The blend of the singing with your guitar lines gives the notes a bit more sustain. It also solves the problem of balancing the notes within a chord. When I play a chord and realize that one note of the chord didn't come out as loud as I wanted it to, I can sing it. This enables me to react and balance the harmony, whether it is an inner voice or the melody at the top of the chord.

Will the music you've been playing with Brazilian guitarist Toninho Horta become a recording at some point? We are discussing that, but for now it is just a tour with a week at the Village Vanguard, gigs in Japan, and a few West Coast dates. I have been a fan of Toninho for years. My manager Anders suggested that we work together. In some ways, what Toninho does has parallels to my music. He also sings along with his playing, but in a different way than I do. I love what he does. We've been playing tunes by Milton Nascimento, some of Toninho's, and some of mine.
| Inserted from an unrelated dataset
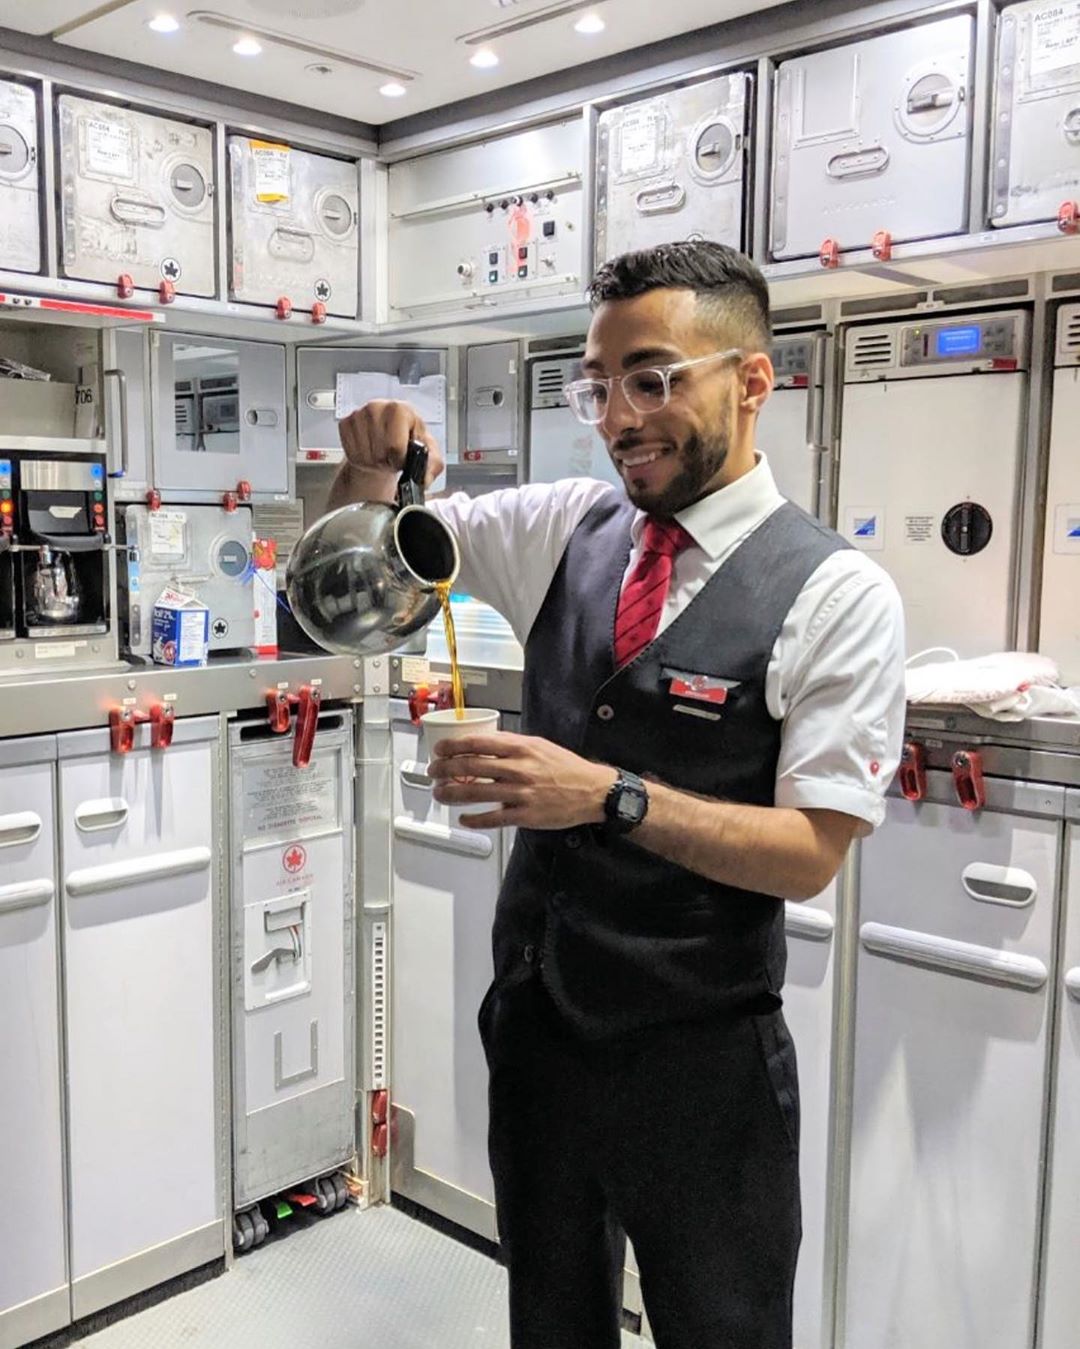 Male flight attendant with Air Canada pouring coffee. Photo by Instagram user @globetrotter95_

Since you and your family now live in Switzerland, do you feel a little removed from the New York jazz scene? I felt like getting out of New York after living there for 13 years. My wife is Swiss. We came back and forth for a while when she was in school, but I wanted new information in my overall life scene, and I just decided to move. First Rebecca and I moved to Zurich, and our older son Silas was born there, he's now two years old. Our second son, Ezra, was born last June. Now we live in Lucerne, and I teach at a music school there a few days a week when I'm in town. The schedule is very flexible so that I can do my tours. We have a garden, and everything is very peaceful there, with the view of the mountains. When I'm home, I become a recluse. When I come back to New York, I get an influx of energy.

I understand that you have now left the Verve record label. Verve was great for me. They helped me get established and build an audience, and I'm proud of the four albums I made for them. I'm independent now. My manager Anders and I are starting a new label. This time, I'm going to make all the money. The first release will be a live album I recorded last January with my quintet at the Village Vanguard. That will be released in March of 2007. We will have a distributor to get the CD into the stores, and it will be available through iTunes. We are taking care to launch the whole thing correctly.

I have a home studio and I'm planning to do another studio project like the Heartcore album. I enjoyed making that record; it was a huge challenge. Except for the mastering, I did it mostly myself-composing, engineering, mixing. Heartcore was very different from anything in my recorded output. I wanted to do it because I had been doing things like that my whole life. I would make tunes that were completely free in my home studio-my laboratory. Along the way, a lot of cool songs have come out that didn't fit with the music I played with my band. They were oddities.

My website will be upgraded so that I can sell downloads. I want to be able to upload songs I create in my studio that don't have anything to do with what I do live. For instance, I've recorded a rock song that's very dark. I'm singing lyrics on it and showing my David Bowie roots. I want to have an outlet for these things. I'll upload them, and people can buy them for a buck.

What else do you foresee in your future? I look forward to developing my group and making a record with Toninho Horta and making Heartcore II. I'd also like to do a solo guitar record someday and an album of the songs with lyrics that I write. I'd also like to do an orchestrated project with a larger group. Right now, though, I'm really where I want to be.